I don’t see how an orbiter can know which way the body it is orbiting is rotating, so I am sceptical of that explanation. I wasn’t aware that the sort of gravitational slingshots exploited by spacecraft had anything to do with the rotation of the objects that they slingshot around.
Orbital direction, not rotational. Rotation is only relevant in GR, and that only slightly.
And it gave plenty of time for LM systems checks and fixes before committing to landing - that was vital on Apollo 14, which almost had its landing scrubbed due to a balky docking mechanism.
Another reason for doing it early is that it allowed for some separation from the S-IVB (the third stage booster). Remember that it had just as much velocity after TLI as the CM/SM/LM combination, and was headed for the moon too. Adding just a bit of delta-V with a bit of thrust got the manned package far enough away from the booster that it wouldn’t be a factor in lunar maneuvering.
In fact, the Apollo 13 and later S-IVB’s were intentionally crashed onto the lunar surface as part of controlled seismology experiments (the seismometers had been placed by earlier missions). Earlier ones are all in solar orbit, and one was even “discovered” as an asteroid.
I’ve wondered about those (and the LMs) since watching an episode of Gerry Anderson’s UFO when I was a kid, which featured an S-IVB that (IIRC) the aliens were using as cover when coming to Earth.
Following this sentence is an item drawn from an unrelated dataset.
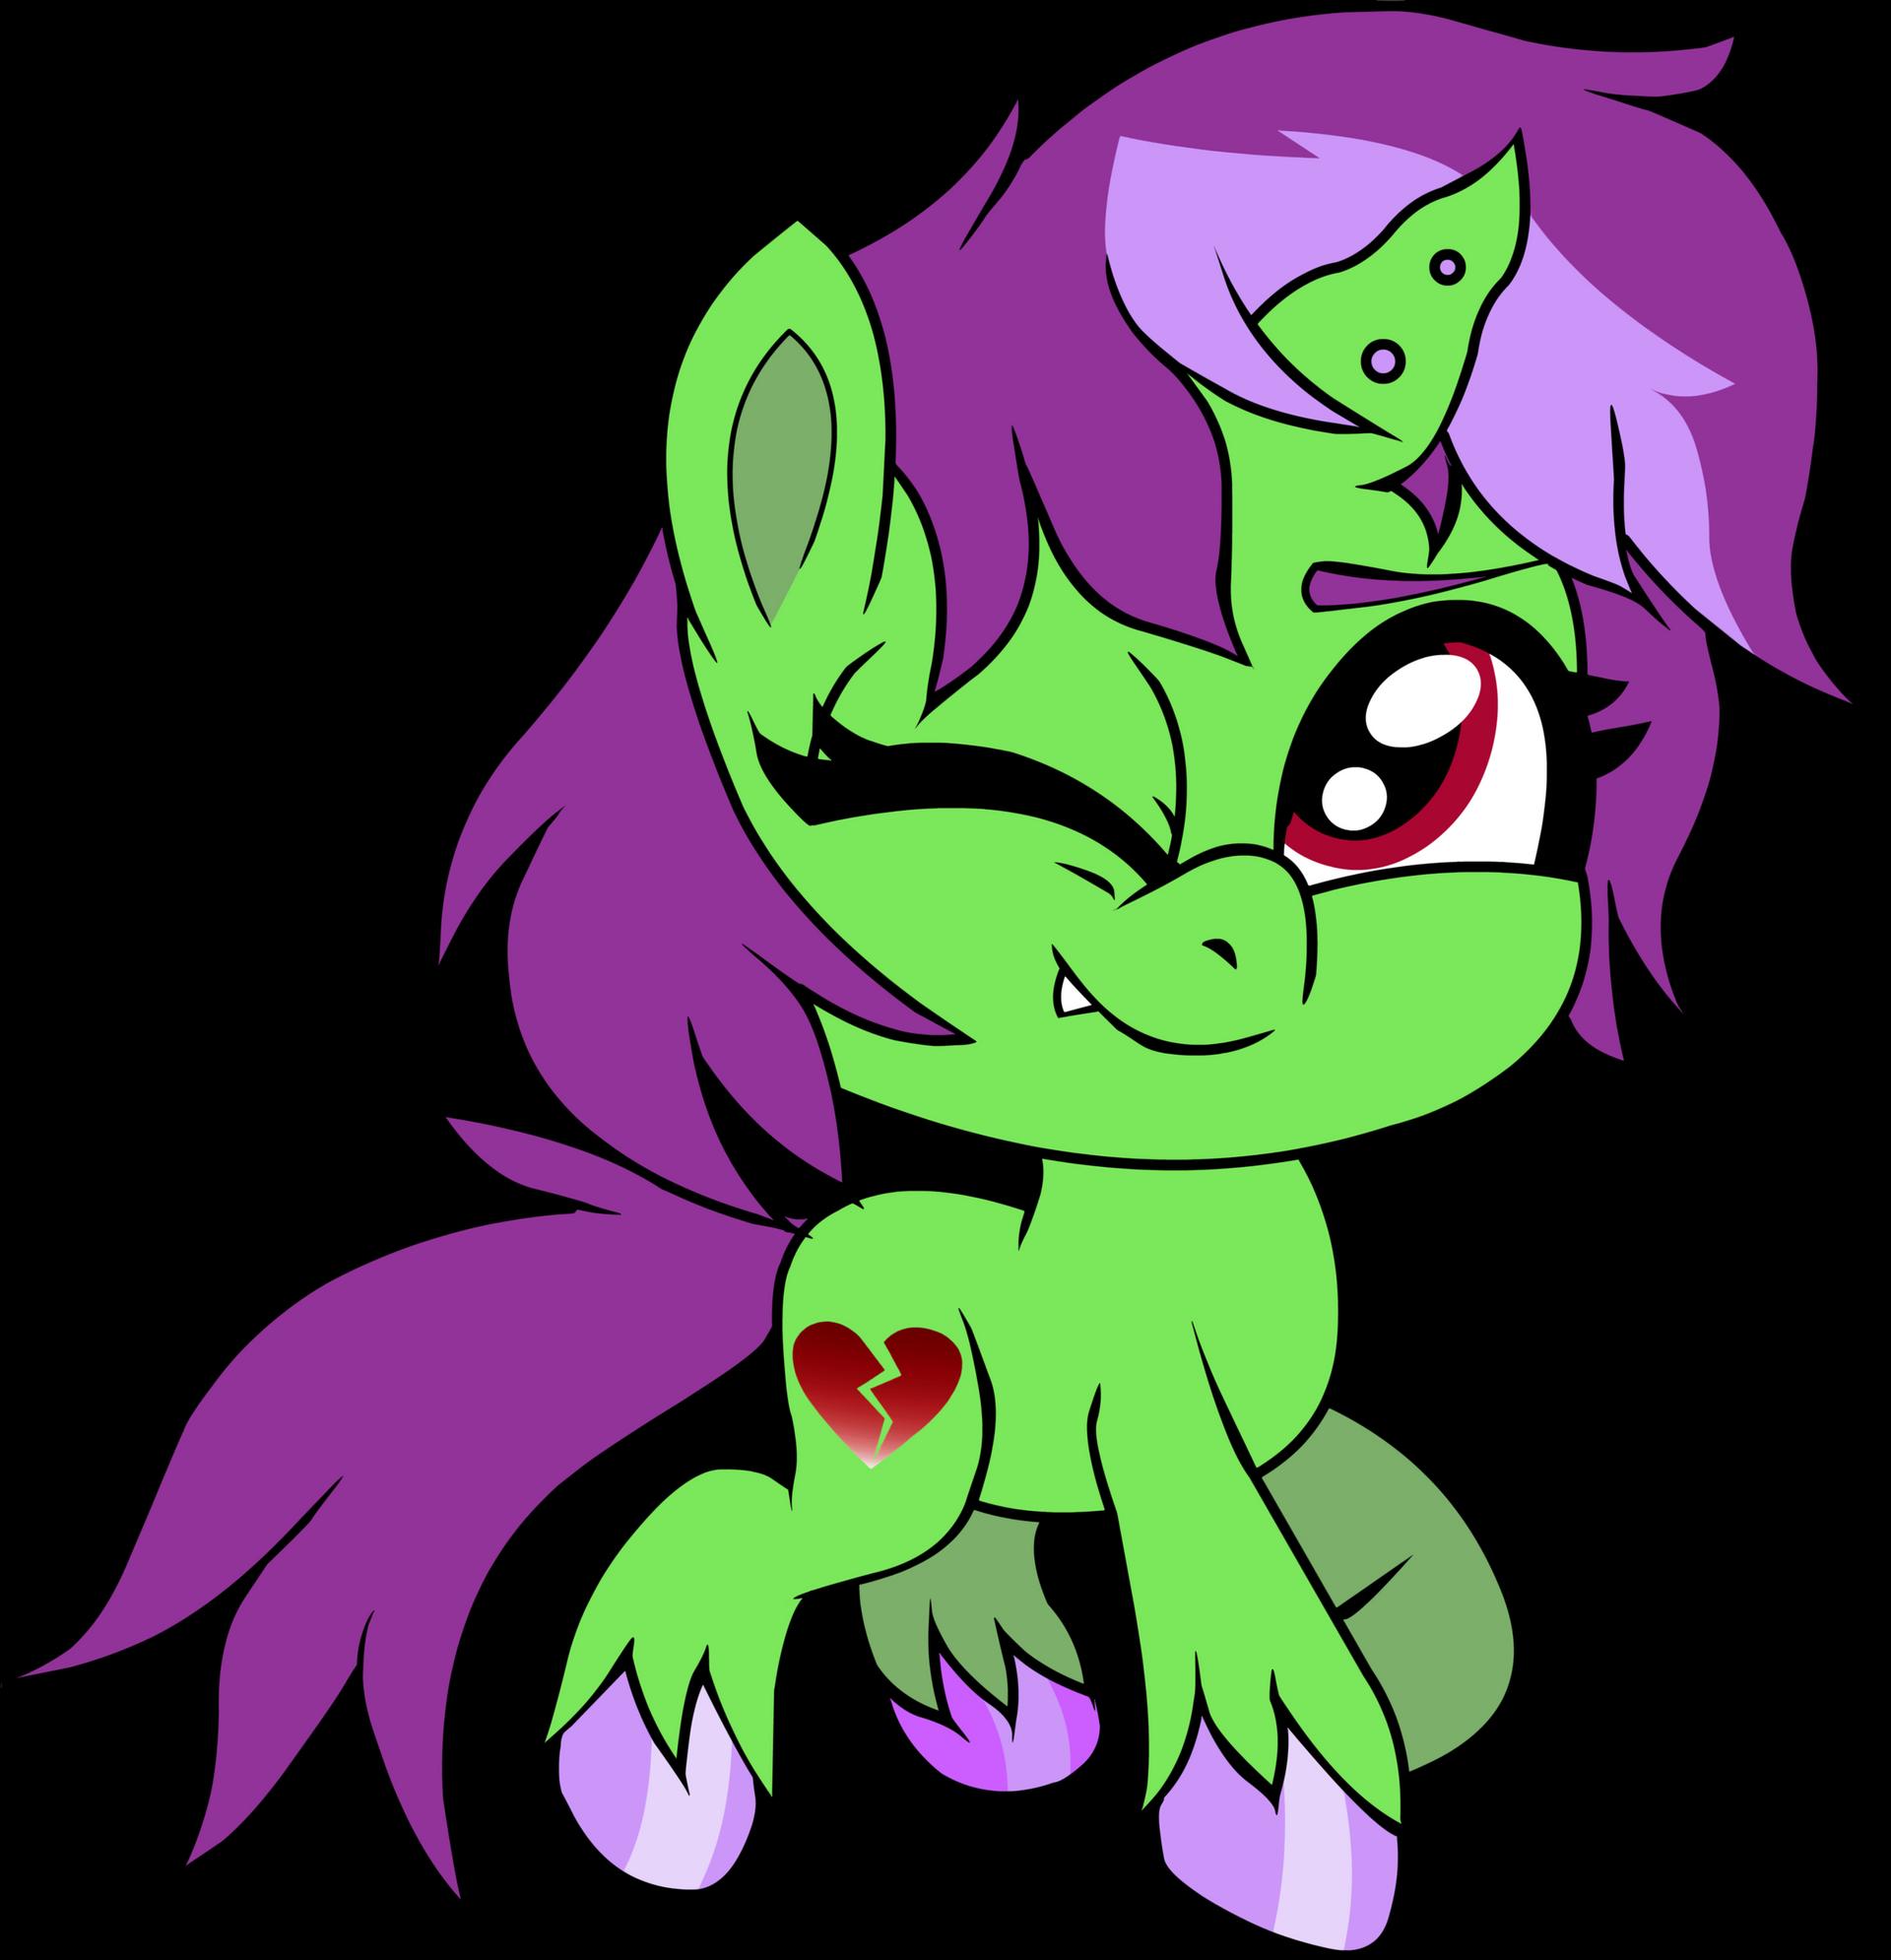 pony_life_cryptic_by_fyre_flies_ddzap94-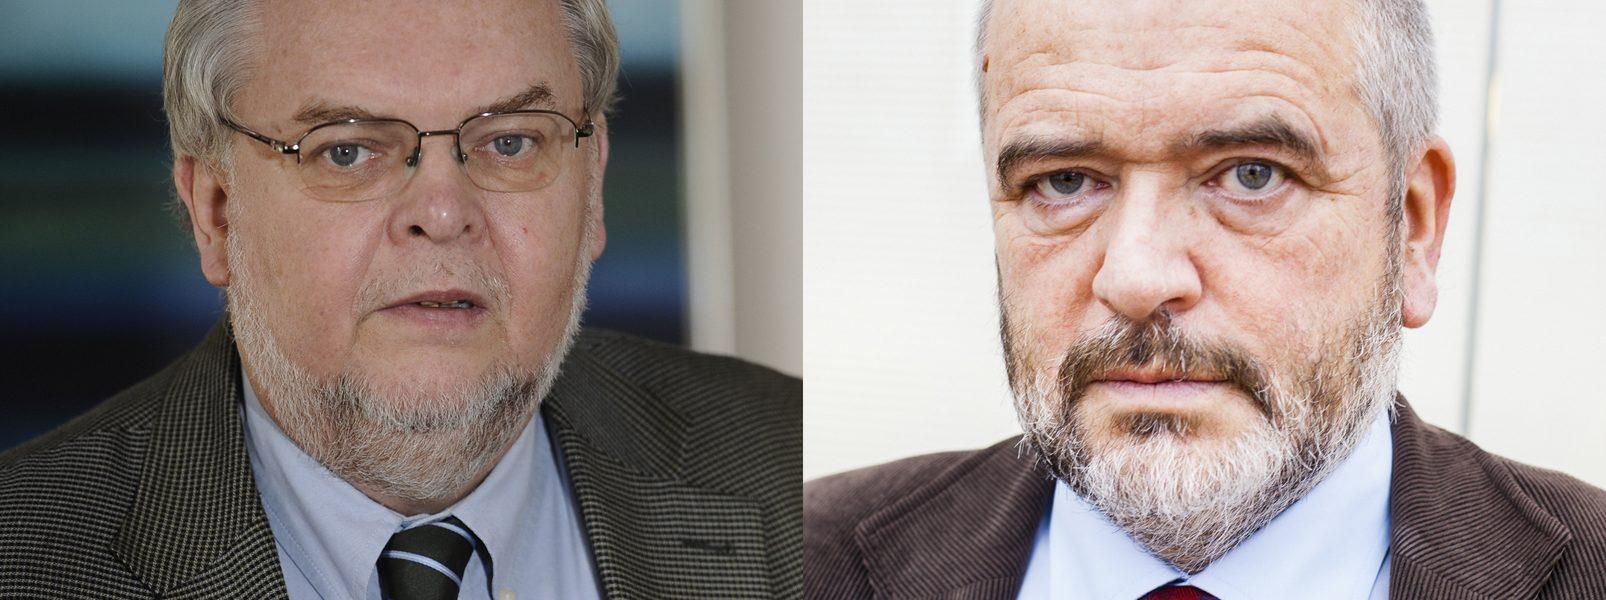 Prof. Andrzej Rychard & prof. Dariusz Filar

Where can I read more about the disposition of the S-IVBs (and LMs)?
Yes, from the diagram I posted, it’s clear that, rather than wasting time and fuel chasing a moon moving away from them, they go around to the other side and let the moon come to the spacecraft.
Wikipedia has charts with all that stuff. Here is the page for the S-IVB’s.
–Cliffy
Thanks.
Earlier I found a Wiki article on the LMs, and the ascent stage for Apollo X’s Snoopy is in solar orbit.
According to the Wiki articles and links there is 176 metric tons of man made equipment on the lunar surface!